I'd Celebrate the Appearence of a Napkin right about now

I'm way past getting pissed at the inevitable movie-fast food marketing tie-ins; I usually don't even notice them anymore, mainly because I don't eat fast food. But here's something that's always irritated me about commercials which try to convince us that eating a particular hamburger is just another way to enjoy the latest big-budget flick: it's the use of the word "Celebration" in reference to both experiences.

"Celebrate the film Avatar by eating a Big Mac..." Huh? I'm not a stockholder of the film company that produced this flick, which is apparently going to clear a billion dollars at the Box Office by this time next Thursday. I'm not the Producer or Director, and what is being put on film is not my vision, carried from studio to studio for twenty years before the funding could finally be put together.

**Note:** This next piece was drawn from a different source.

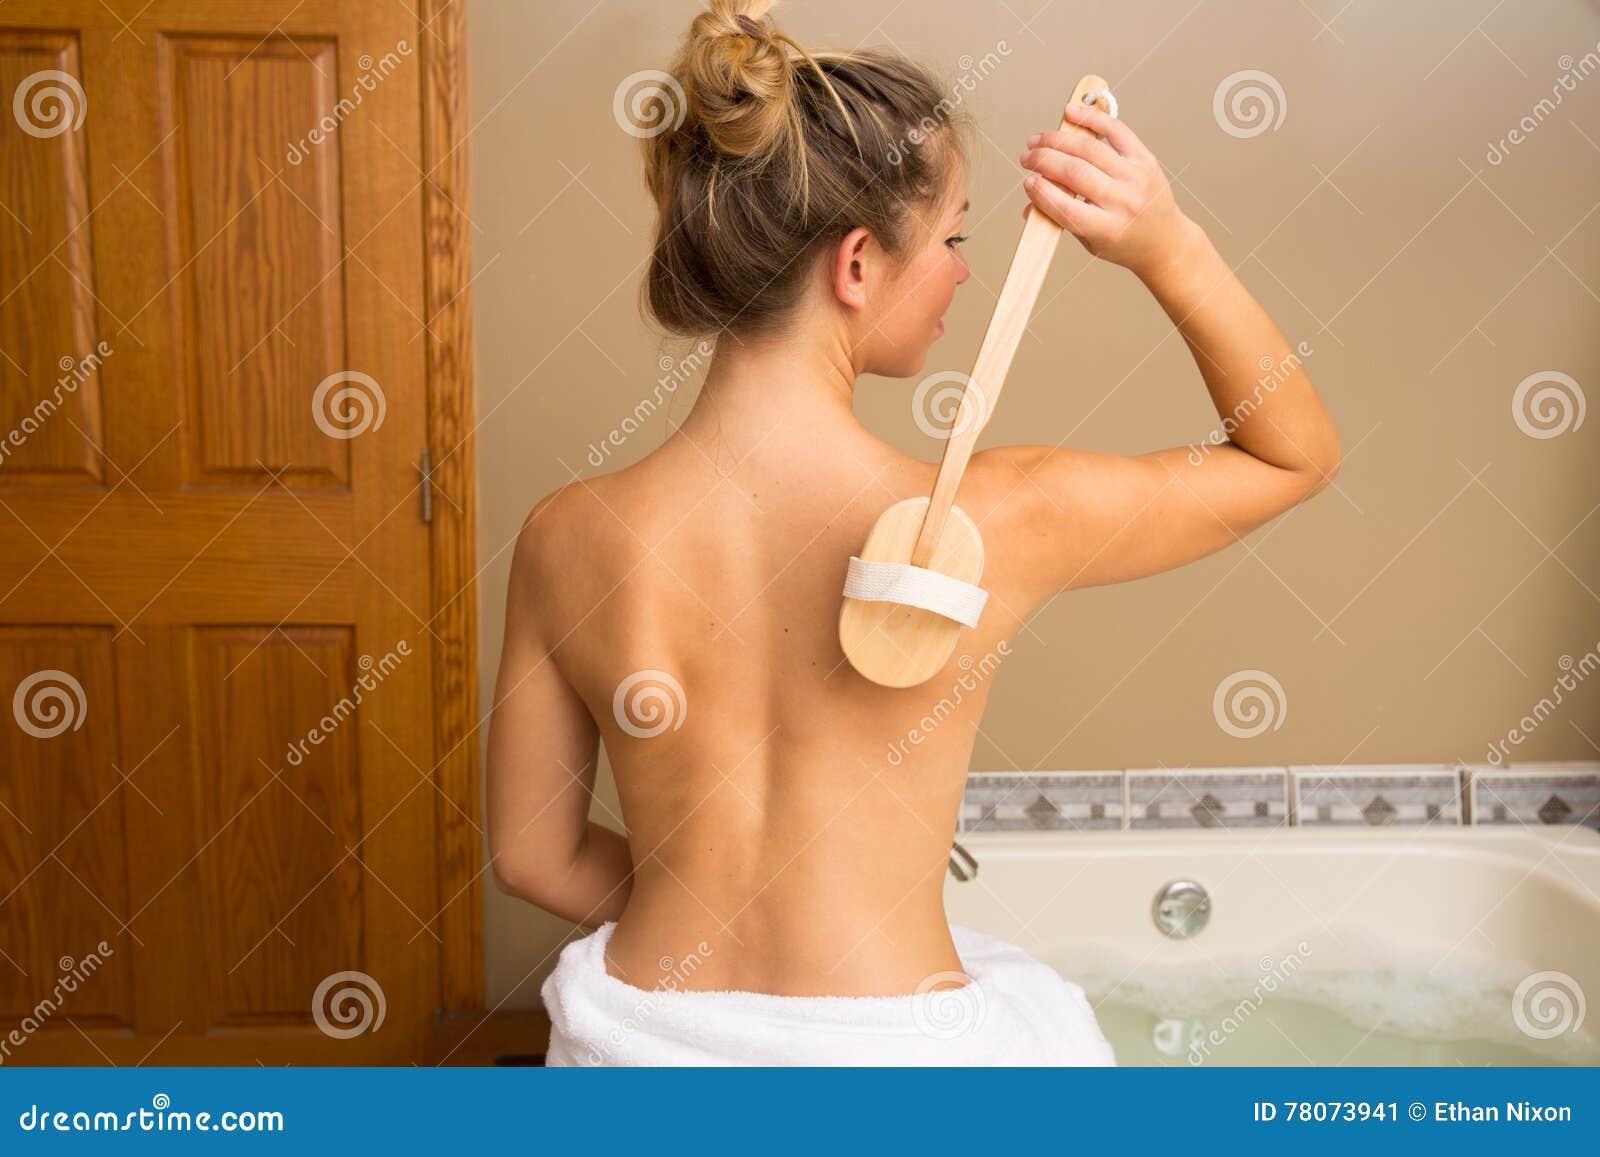 Posteriore asciughi la spazzola

I didn't even spend three years reading whatever geeky Sci-fi magazines were used to build up interest in the film. So what am I "Celebrating?" Can't I just go see the damn movie without "Celebrating" it?

Here's another thing- two guys sitting in a movie theater, staring at the screen. One of them says "Since when can Mountains float?" and seconds later gasps in amazement at the action on the screen. Um, since they started making movies, dumbass. I wonder if this guy asked aloud "since when can people hover in mid-air?" while viewing The Matrix.

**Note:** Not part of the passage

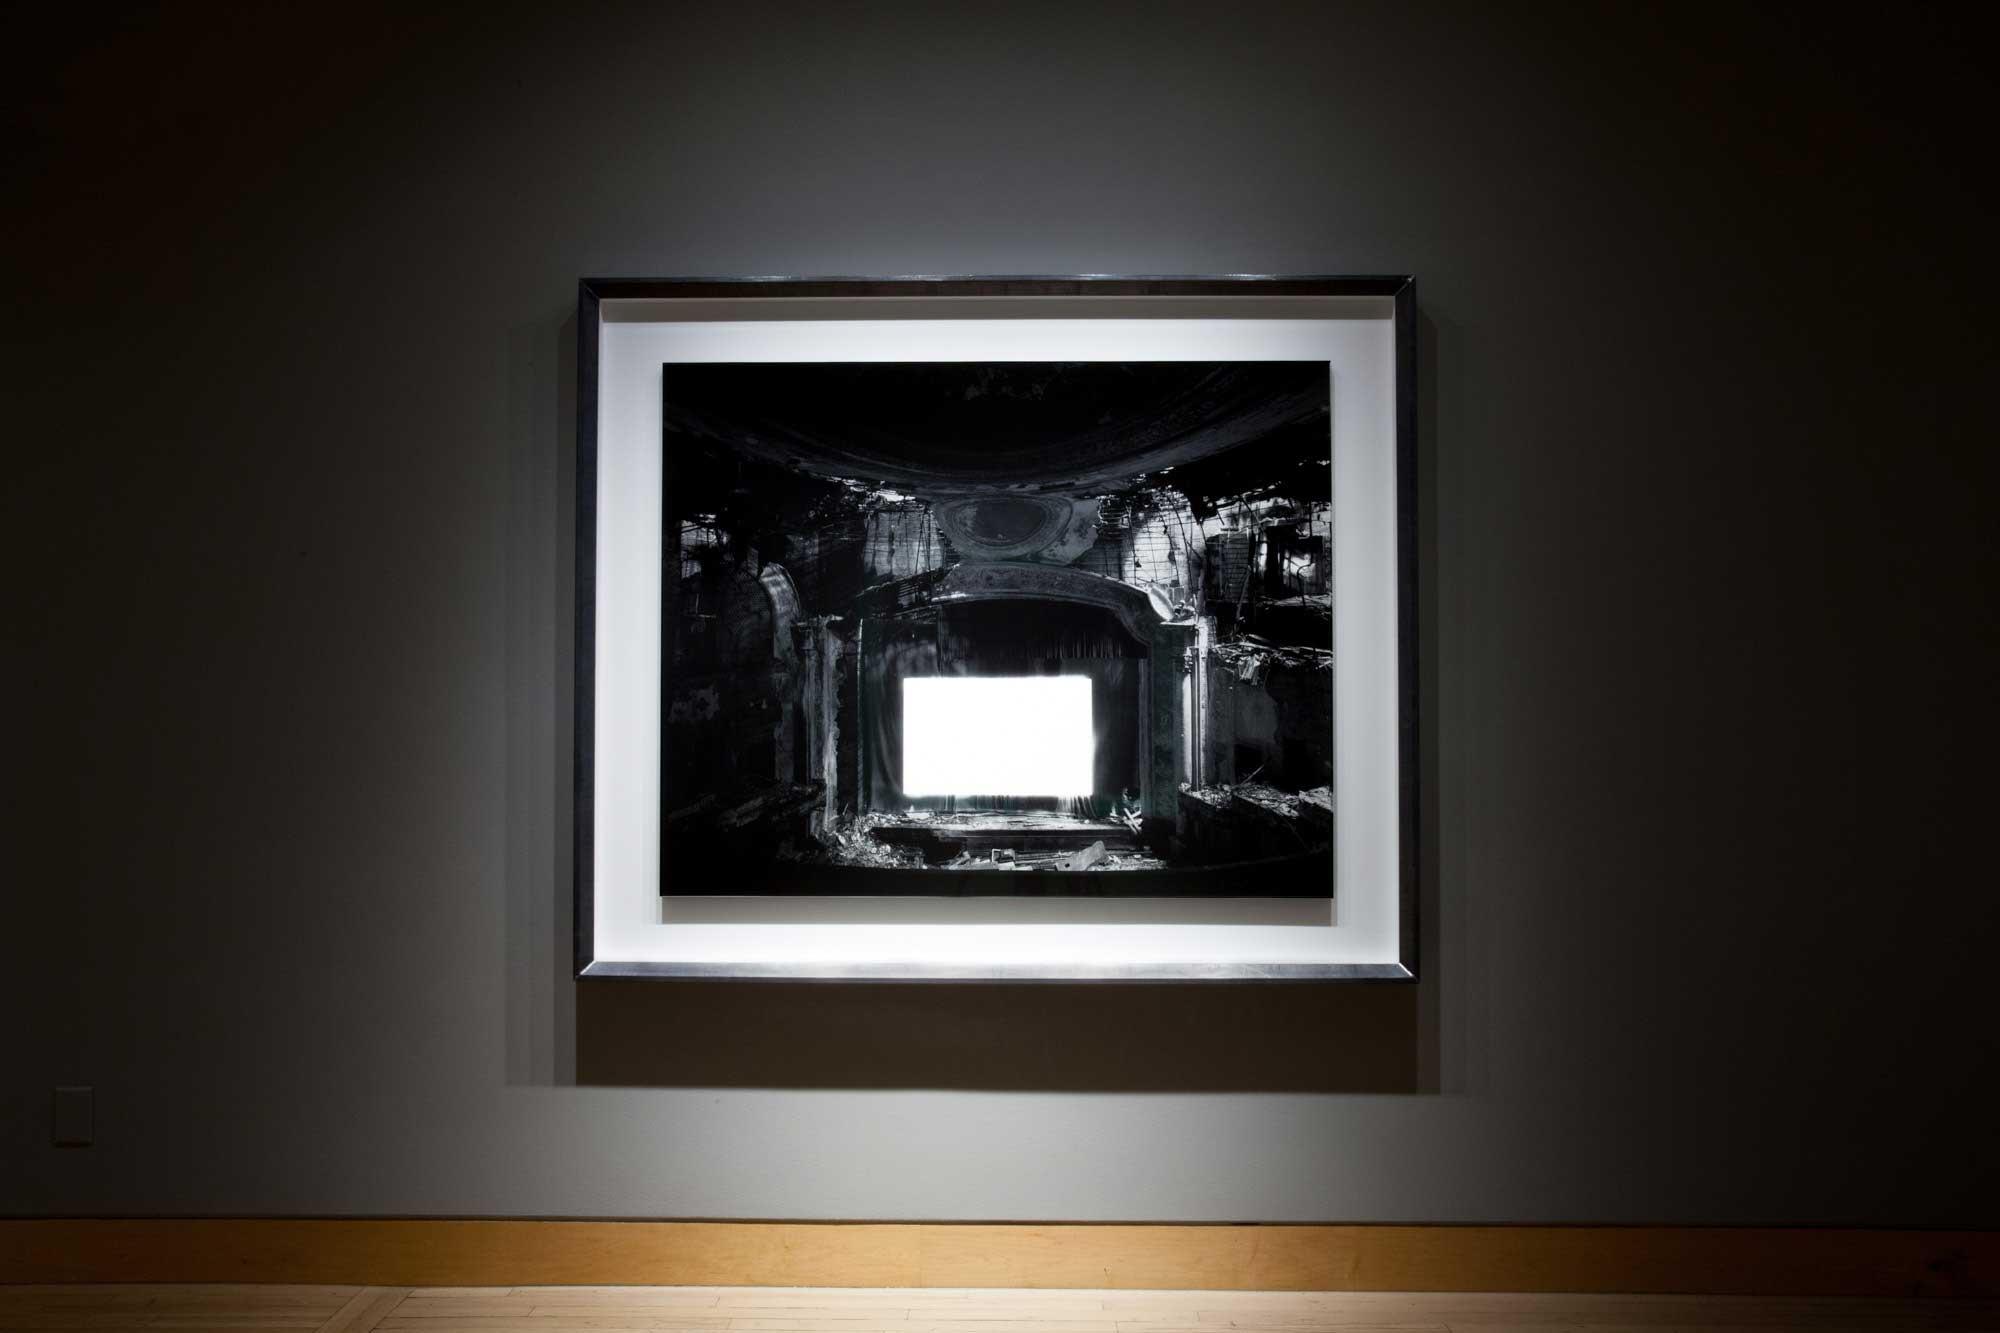 Fraenkel Gallery / Hiroshi Sugimoto

Here's a woman telling her friends "I've been waiting for this for a long time!" Is she talking about the movie, or a Big Mac? Who knows? Who cares? Here's a guy opening the cardboard container and gazing at his Big Mac on a bus. Ever used a municipal bus system that permitted eating on board? Me neither. What's this got to do with Avatar? Absolutely NOTHING.

But here's the worst part- we jump from a shot of a guy digging his fingernails into his seat while watching the film to another guy digging his fingernails into a Big Mac-- and then we get a lovely close-up of the latter taking a big bite out of his sandwich, leaving a glob of Special Sauce on the side of his mouth- just lovely.

This kind of crap really turns me off from going to movies at all (this, and seeing clueless asshats four rows down get bored with the film and flip open their cell phones halfway through.) I don't celebrate the opportunity to drop ten bucks to see a movie. Seeing movies doesn't make me want to stuff greasy, artery-hardening junk into my mouth. And watching people equate movies with junk food doesn't inspire me to partake of either.

(BTW, what is in these Big Macs anyway, which creates hallucinations that scenes from Avatar are taking place all around the consumer? In one commercial, a guy actually thinks he's being chased by a monster from the film after taking a bite of his sandwich. Again- there's no logical connection between the film and the food- no matter how many times I see these commercials, I am not going to hallucinate that I'm in the film if I ever eat a Big Mac.)

Please, MacDonalds, stop trying to glom on to the latest Hollywood hit- I can't imagine anything that has less to do with a Big Mac than Avatar. Stop trying to convince me that the release oa any particular film is something to be "celebrated." And stop showing people behaving like clueless airheads whose lives revolve around movies and junk food.

And please, hand that disgusting idiot in the final shot a napkin. Yuck.